Data provided:
▼
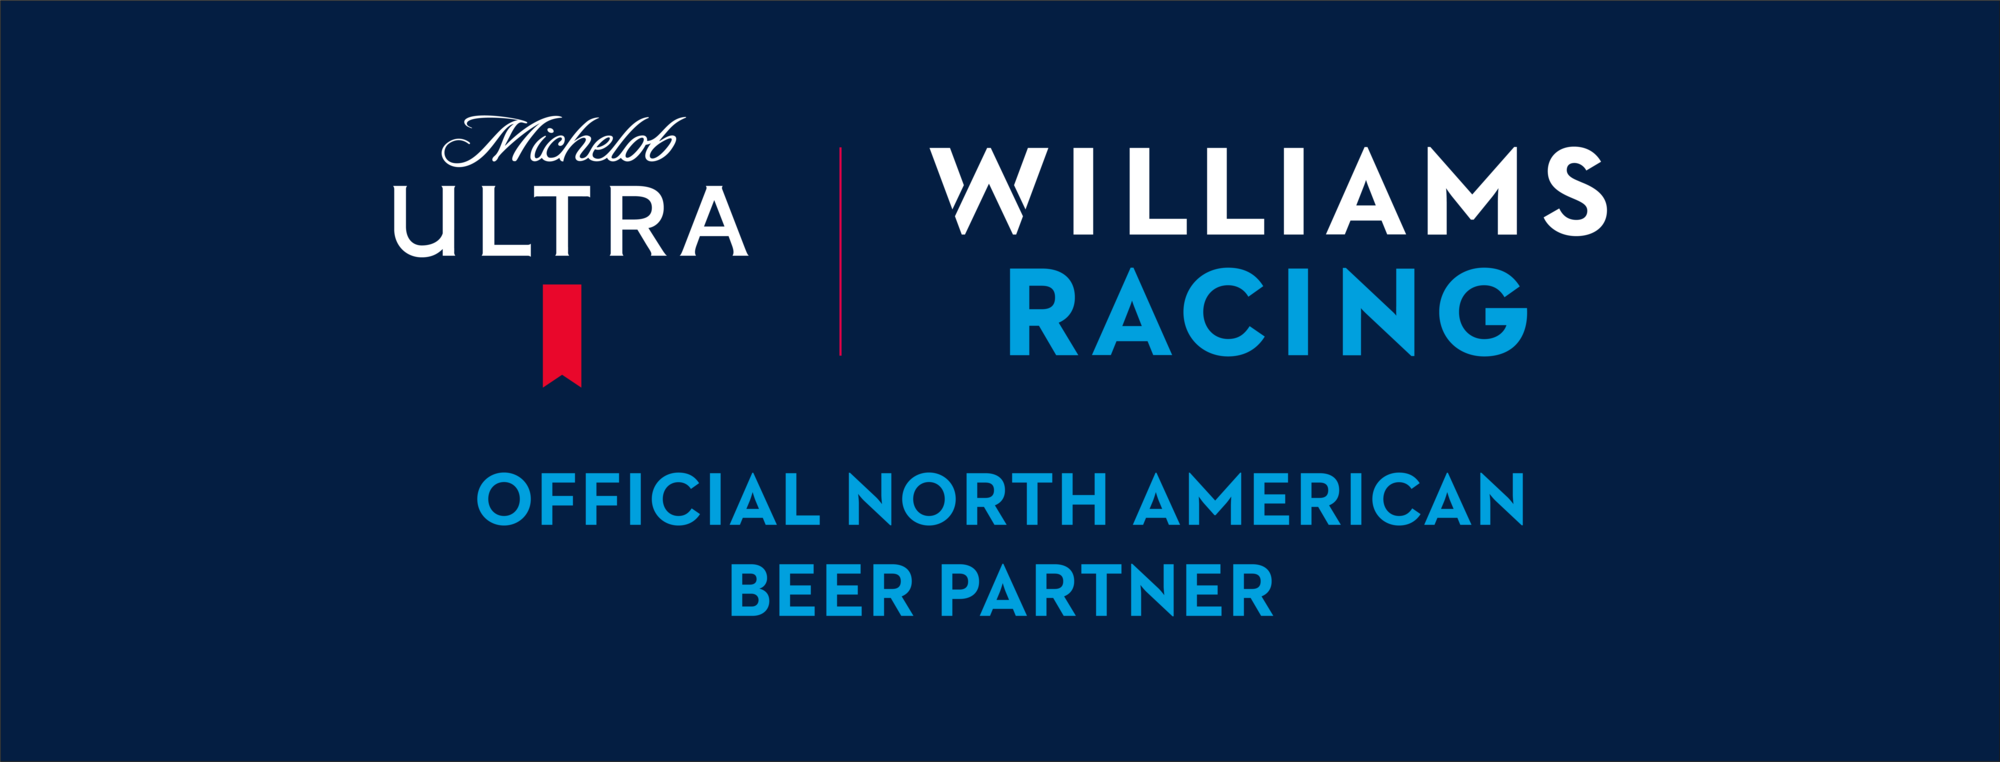 Lights Out and Away We Go! Michelob ULTRA Announces Partnership with Williams Racing
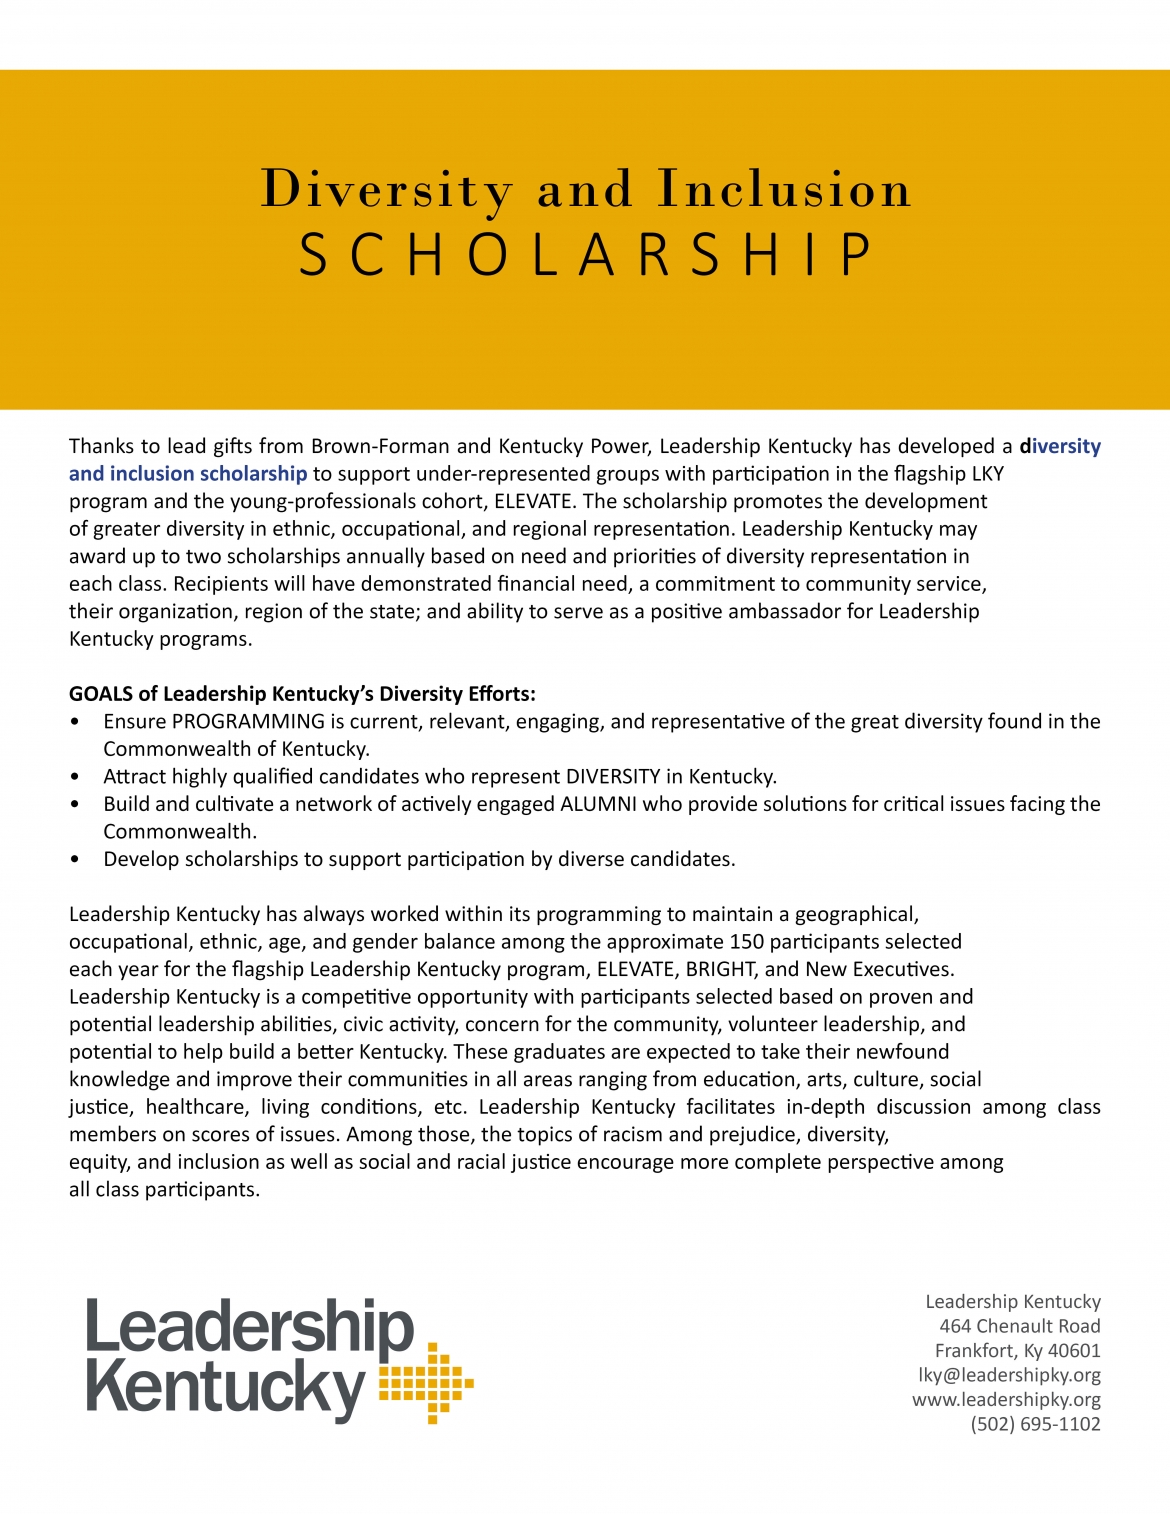 Diversity and Inclusion Scholarship
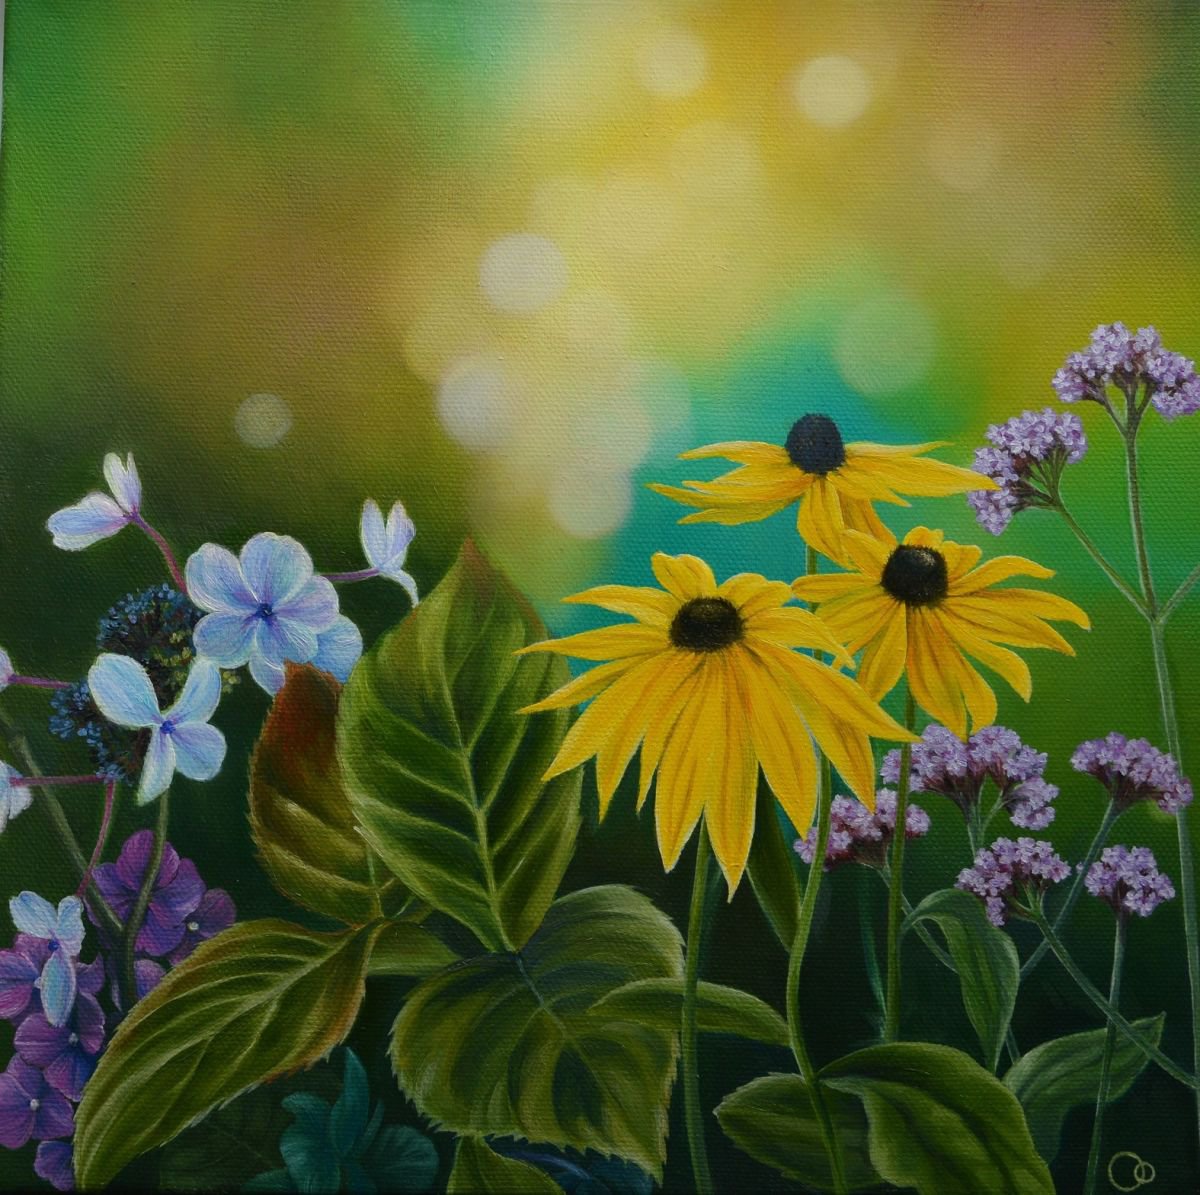 Late Summer Blooms - oil on canvas floral art by Veronique Oodian
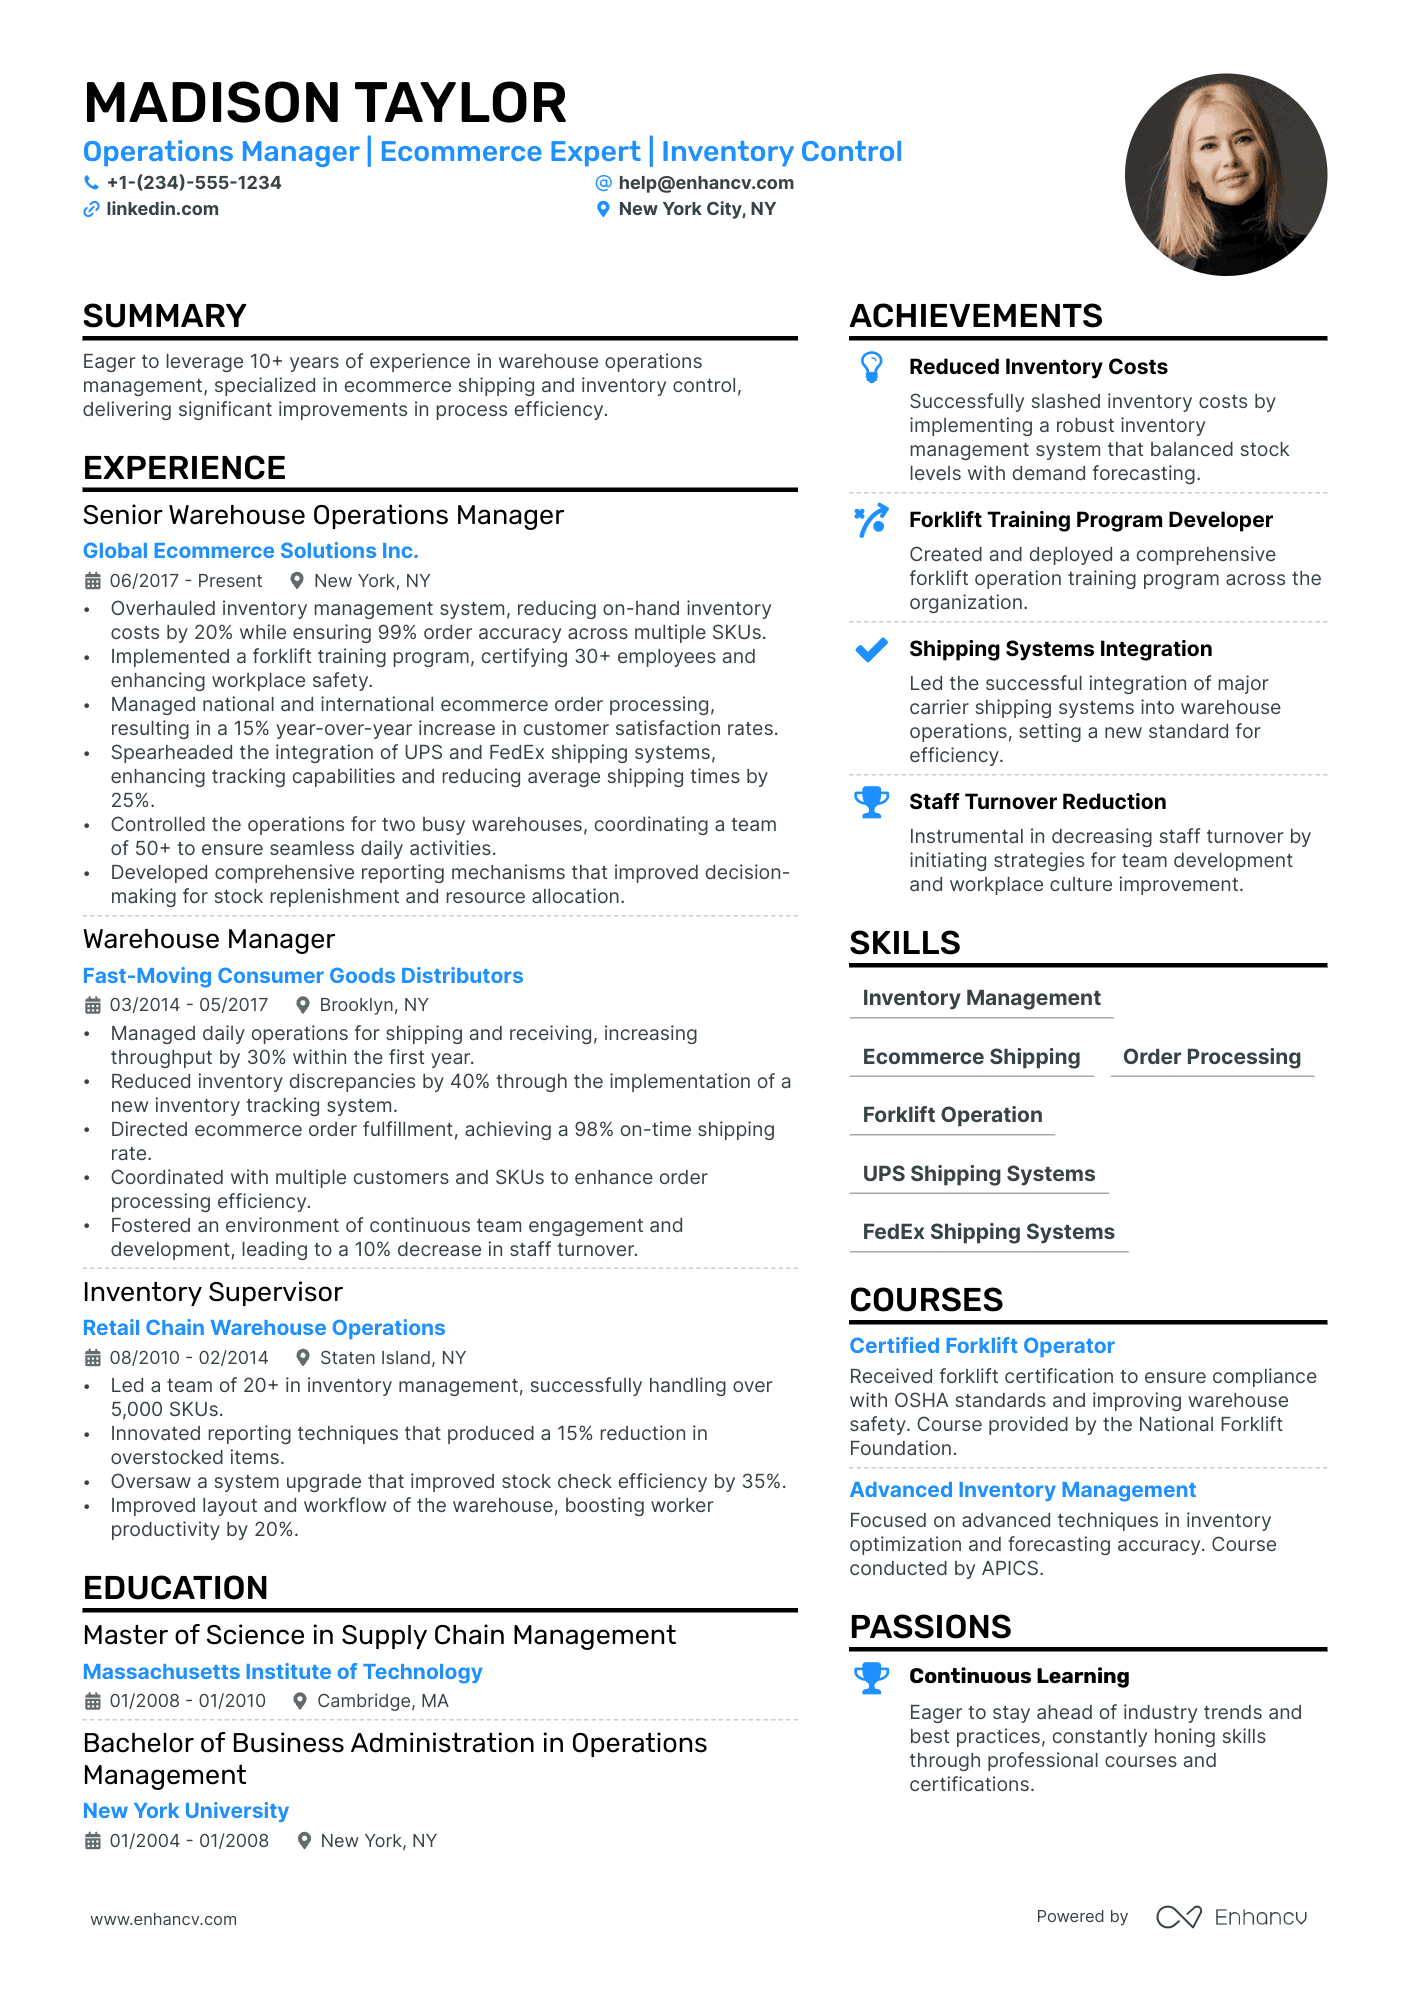 summary of qualifications resume for warehouse worker
▲
Problem requirements: The result should be the full listing, retyped exactly and free of pictures.

Written answer:
 Lights Out and Away We Go! Michelob ULTRA Announces Partnership with Williams Racing
 Diversity and Inclusion Scholarship
 Late Summer Blooms - oil on canvas floral art by Veronique Oodian
 summary of qualifications resume for warehouse worker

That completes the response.